Zwar habe sich al-Baschir zuletzt an der von Saudi-Arabien geführten internationalen Allianz im Jemen beteiligt, doch die Beziehungen beider Länder zueinander befänden sich weiter in einem Zustand vorsichtiger Annäherung: "Der erzwungene Rücktritt al-Baschirs gibt Saudi-Arabien Anlass zur Hoffnung, dass sich dort ein anderes Regime durchsetzt, zu dem sich das Verhältnis einfacher gestaltet", sagt Kawas.

Umgekehrt hat auch der Militärrat die Bedeutung seines Nachbarn auf der anderen Seite des Roten Meeres erkannt. Auch andere Länder der Region werden für die Armeeführung immer wichtiger. So reiste der Vizepräsident des Militärrats Mohammed Hamdan Dagalo, genannt Hemeti, in der vergangenen Woche nach Saudi-Arabien, in die Vereinigten Arabischen Emirate (VAE) sowie nach Ägypten. "In den dort geführten Gesprächen könnte es womöglich Signale gegeben haben, die dann zu der Gewalt zu Beginn dieser Woche führten", sagt Annette Weber von der Berliner "Stiftung Wissenschaft und Politik" im Interview mit der DW. "Träfe das zu, wäre das eine höchst bedenkliche Entwicklung."

Vertraute Gesprächspartner: der Anführer des sudanesischen Militärrats, Abdel Fattah Burhan (li.) und der Kronprinz von Abu Dhabi, Scheich Mohamed Bin Zayed Al Nahyan (re.), Abu Dhabi, 27. Mai 2019Bild: picture-alliance/AP Photo/Ministry of Presidential Affairs/M. Al Hammadi

Die Interessen Saudi-Arabiens und der VAE

Die saudischen Interessen im Sudan lägen auf der Hand, sagt Annette Weber. Die Regierung in Riad sähe den Militärrat am liebsten auch künftig an der Macht. "Über dessen Vorsitzenden, Abdel Fattah Burhan, wie auch Vize Dagalo, hat die saudische Regierung einen gewissen Einfluss im Sudan. Beide stehen nicht nur im Jemen-Krieg auf Seiten der saudischen Allianz, sondern sind auch Mittelsmänner zwischen Sudan und den beiden Golfstaaten." 

Beide Kommandanten gelten in Riad wie in Doha als Garanten einer vergleichsweise konservativen politischen und sozialen Ordnung, erläutert Weber: "Die Regierungen von Saudi-Arabien und der VAE wollen möglichst vermeiden, dass es im Sudan zu einer Revolution von unten kommt. Sie ziehen es vor, dass Veränderungen von der Staatsspitze ausgehen und in gelenkten, jederzeit kontrollierbaren Bahnen verlaufen. Darum sind sie auch besorgt, dass der Einfluss der Muslimbrüder im Sudan zunehmen könnte."
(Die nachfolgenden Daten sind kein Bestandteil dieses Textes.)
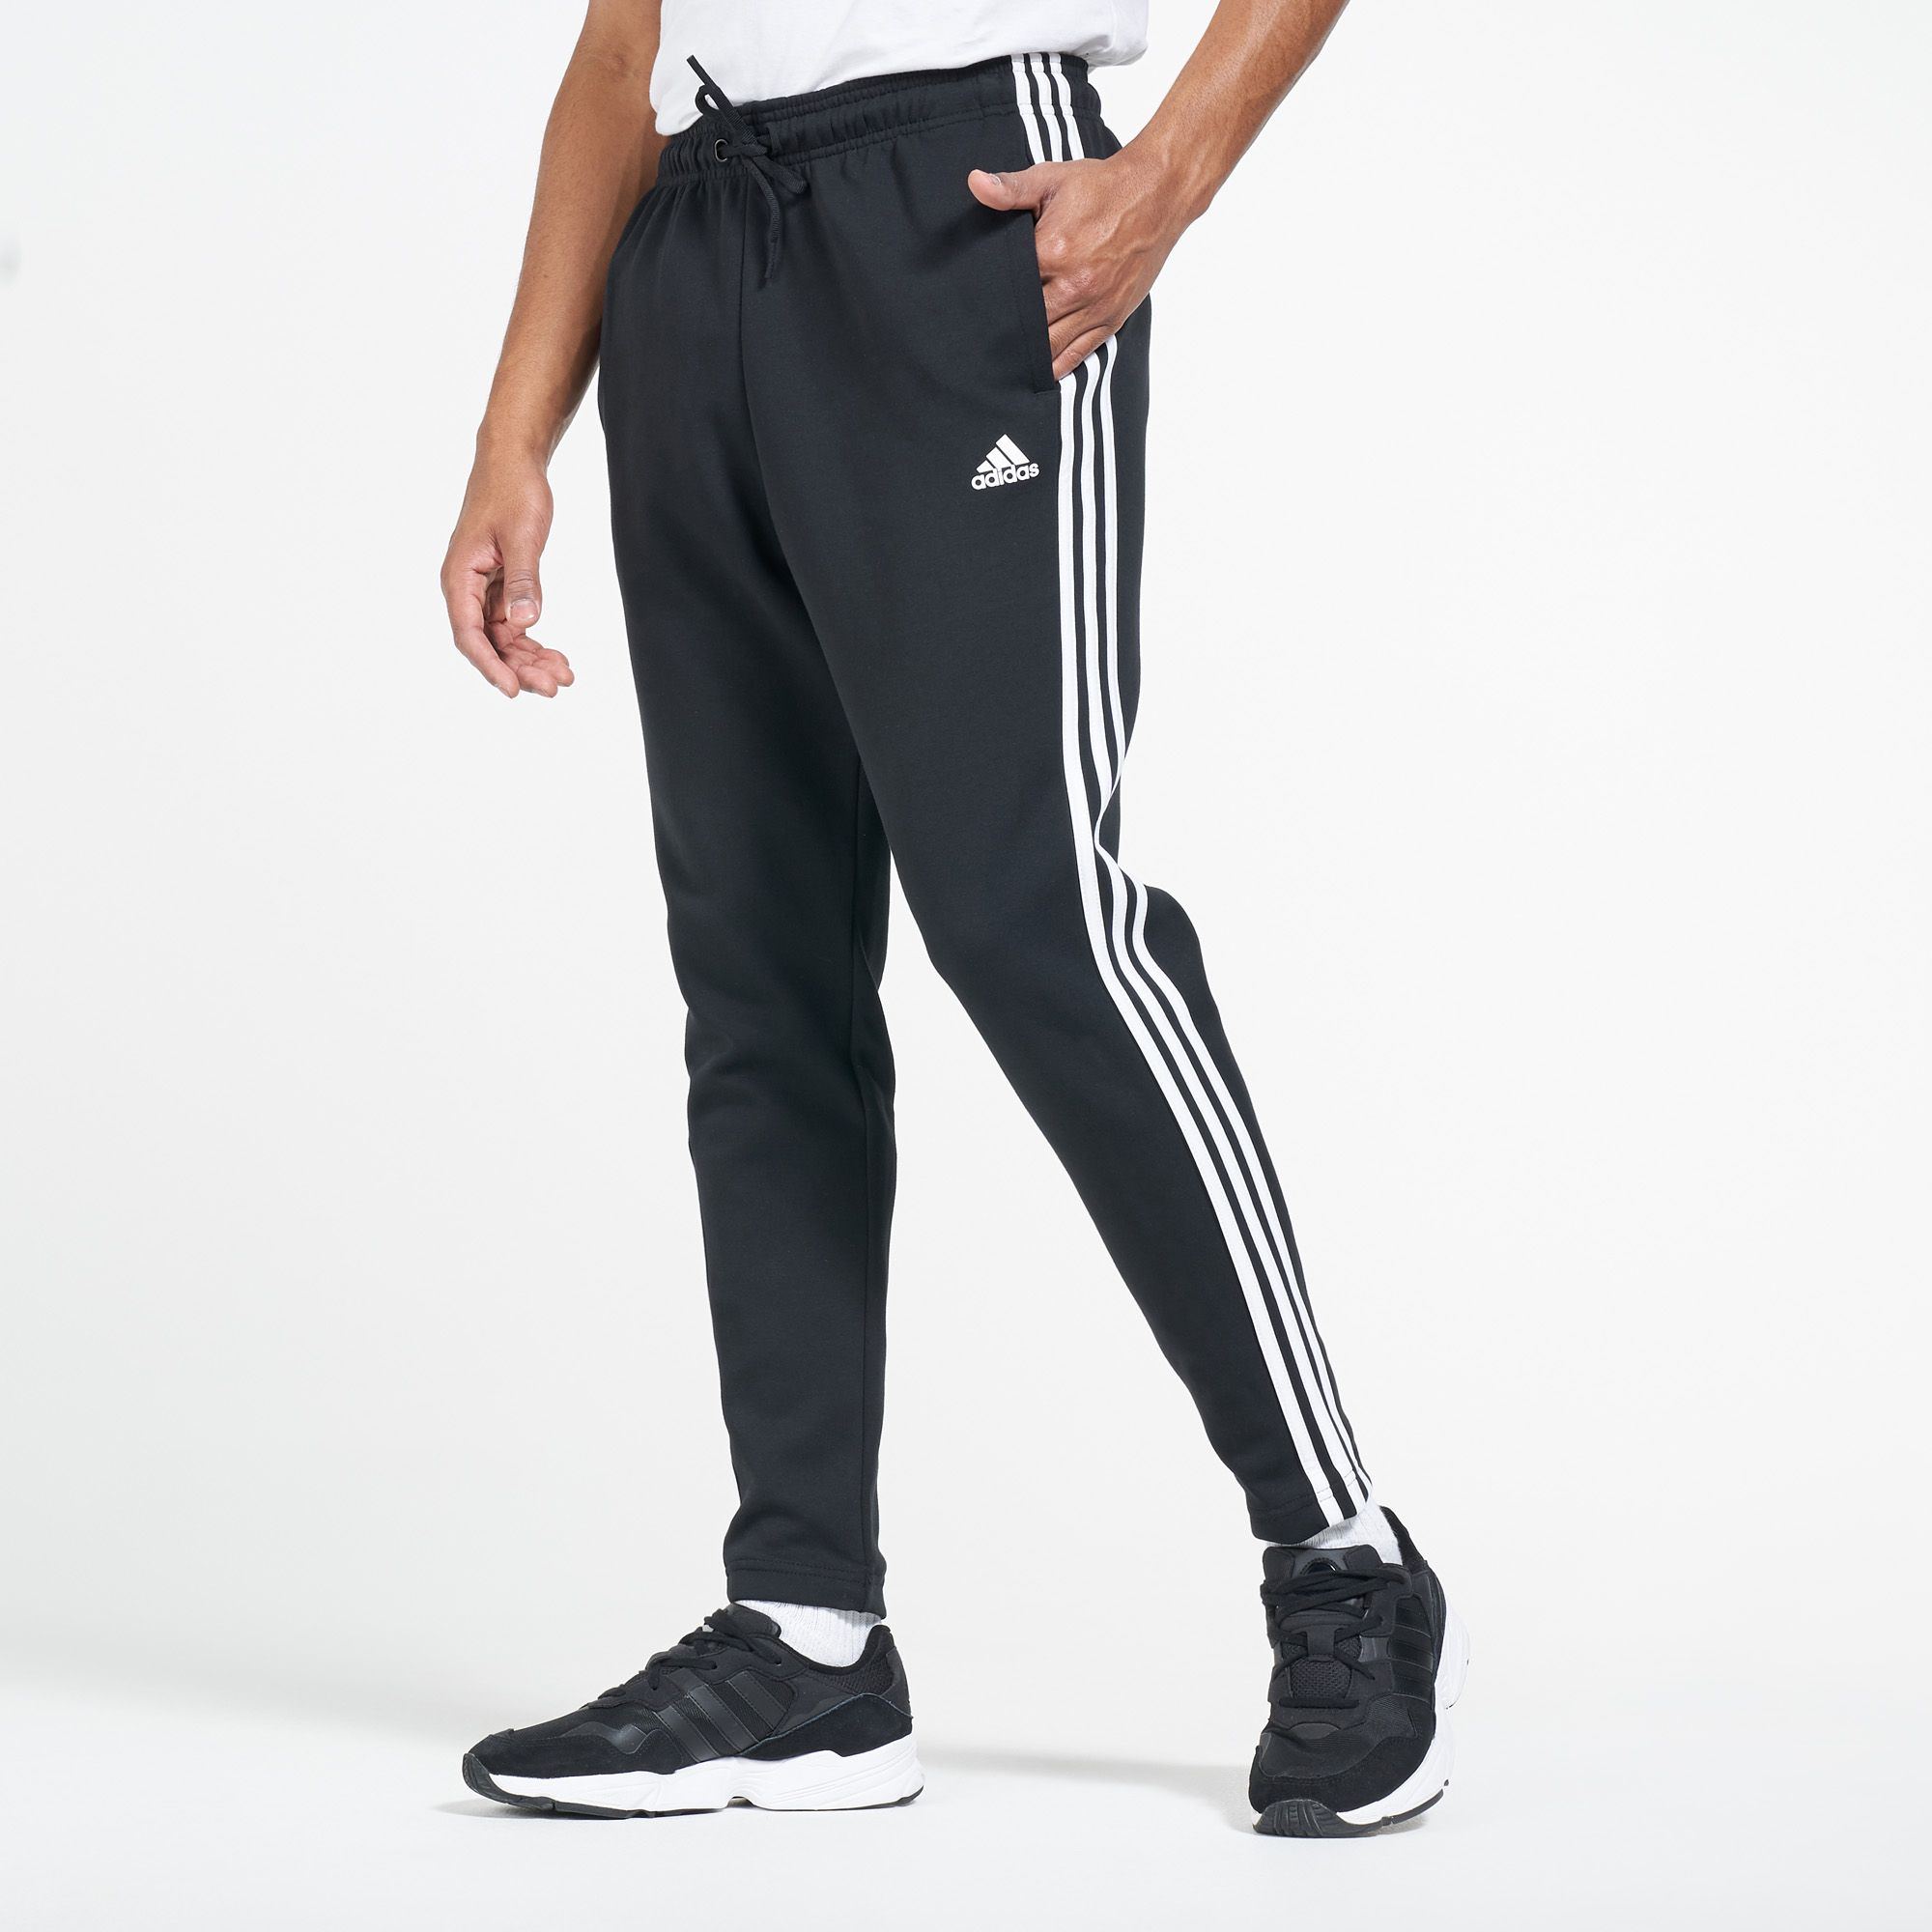 Buy Adidas Black Polyester Strips Track Pant Online - Get 80% Off
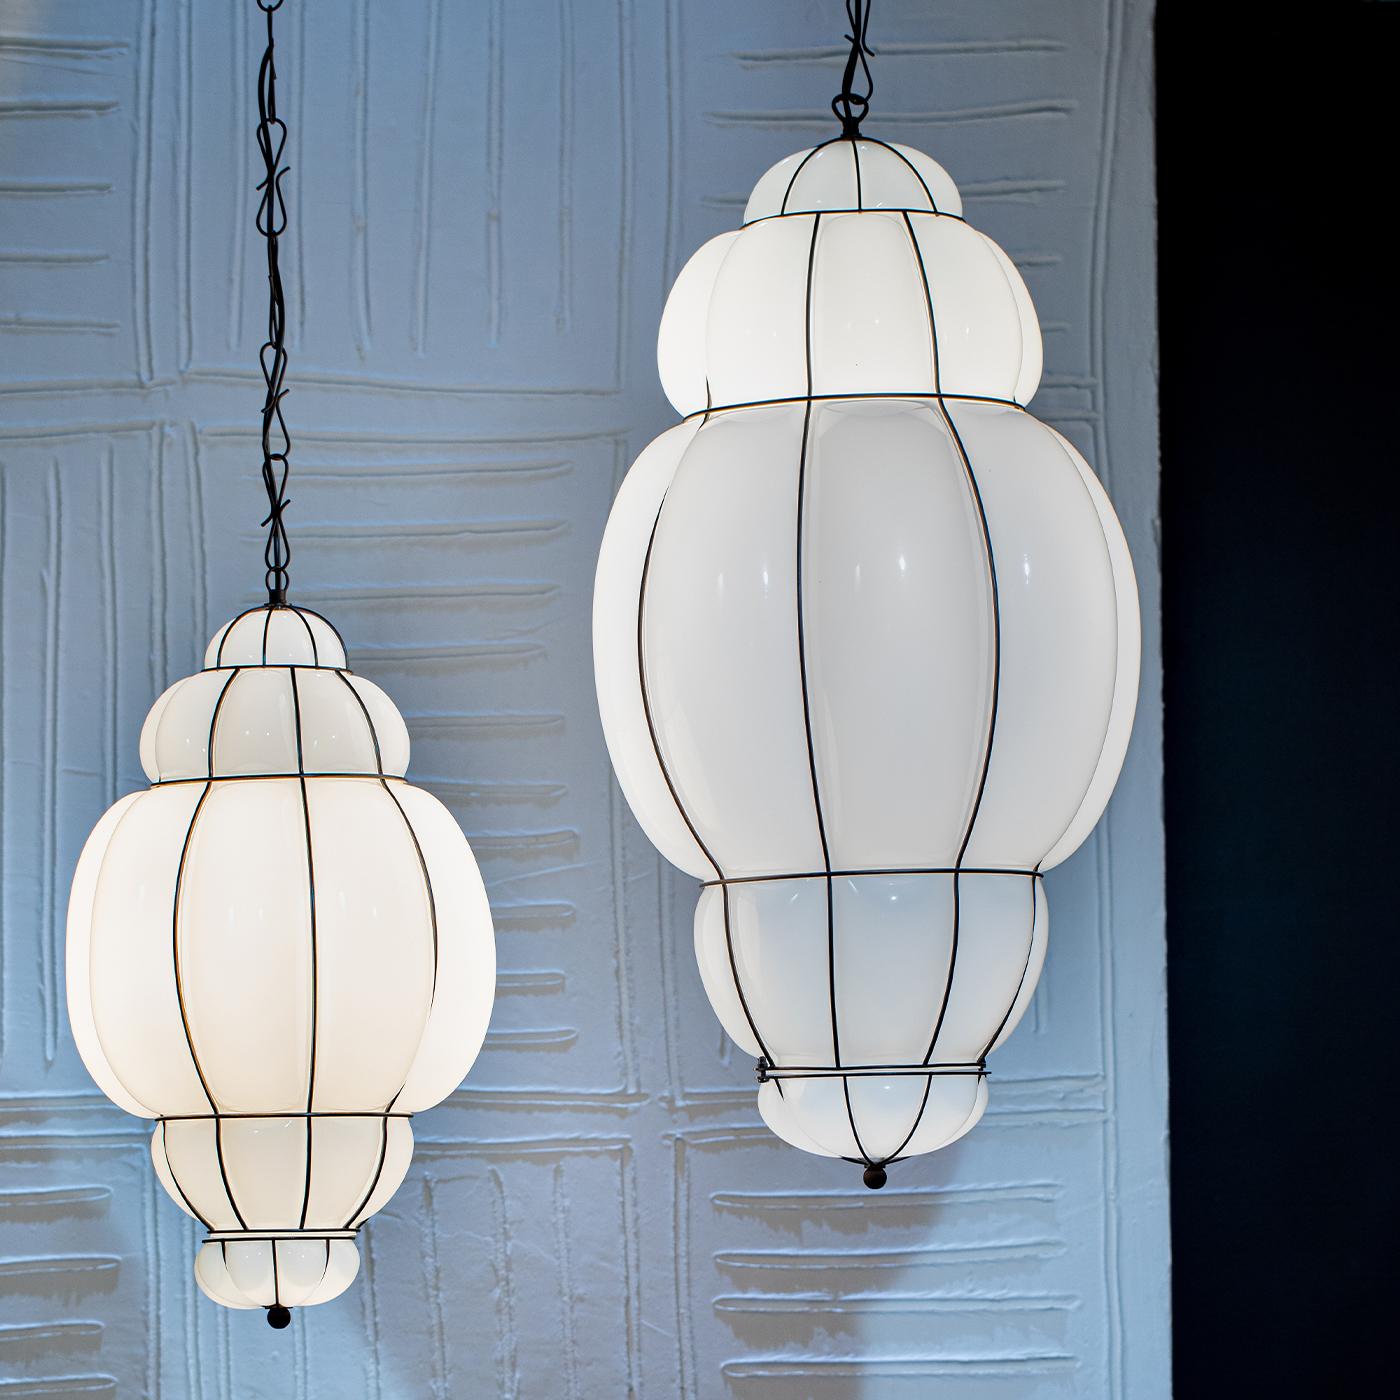 A showcase of glassblowing artistry rendered in a sophisticated modern evolution, this pendant lamp makes for a classy addition to modern entryways or bedrooms. The white Murano glass shade gets blown into a sleek stainless steel cage, from whose

Ägypten, der Nachbar im Norden  

Eine mögliche Präsenz der Muslimbrüder im südlichen Nachbarland bereitet auch der ägyptischen Regierung unter Präsident Abdel Fattah al-Sisi Sorgen. Nachdem 2013 der erste demokratisch gewählte Präsident des Landes, der aus den Reihen der Muslimbrüder stammende Mohammed Mursi, gestürzt wurde, sind die Beziehungen der Regierung zu den Muslimbrüdern höchst angespannt. Tausende von ihnen befinden sich - teils ohne Prozess - in den Gefängnissen des Landes, zahlreiche sind zum Tode verurteilt.

Zudem habe die Regierung Al-Sisi im Sudan weitere Interessen, sagt Annette Weber: "Es geht auch um geopolitische Fragen. So könnte auch die Auseinandersetzung um das sogenannte Halaib-Dreieck an der ägyptisch-sudanesischen Grenze, direkt am Roten Meer, wieder an Bedeutung zunehmen. Auch in der Auseinandersetzung um das Nilwasser, die Ägypten mit Äthiopien führt, ist Kairo auf einen verlässlichen Partner im Sudan angewiesen. Man wünscht sich natürlich, dass er auf der Seite Ägyptens steht."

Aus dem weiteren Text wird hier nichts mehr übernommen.